The data below holds the lines to copy: everything from the line containing "Tag someone you’d" to the line containing "#italianplaces #thatsdarling #italy", both ends included, set down exactly.

▸ **Records to use**:
■ ■ ■ ■ ■ ■ ■

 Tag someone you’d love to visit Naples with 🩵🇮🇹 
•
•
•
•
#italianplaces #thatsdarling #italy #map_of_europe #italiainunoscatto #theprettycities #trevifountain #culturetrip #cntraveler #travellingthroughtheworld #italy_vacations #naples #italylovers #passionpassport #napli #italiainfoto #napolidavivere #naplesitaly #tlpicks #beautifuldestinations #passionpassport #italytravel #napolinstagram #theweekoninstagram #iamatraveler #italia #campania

■ ■ ■ ■ ■ ■ ■

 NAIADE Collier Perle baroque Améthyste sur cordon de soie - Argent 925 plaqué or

■ ■ ■ ■ ■ ■ ■

▸ **Finished task**:
 Tag someone you’d love to visit Naples with 🩵🇮🇹 
•
•
•
•
#italianplaces #thatsdarling #italy #map_of_europe #italiainunoscatto #theprettycities #trevifountain #culturetrip #cntraveler #travellingthroughtheworld #italy_vacations #naples #italylovers #passionpassport #napli #italiainfoto #napolidavivere #naplesitaly #tlpicks #beautifuldestinations #passionpassport #italytravel #napolinstagram #theweekoninstagram #iamatraveler #italia #campania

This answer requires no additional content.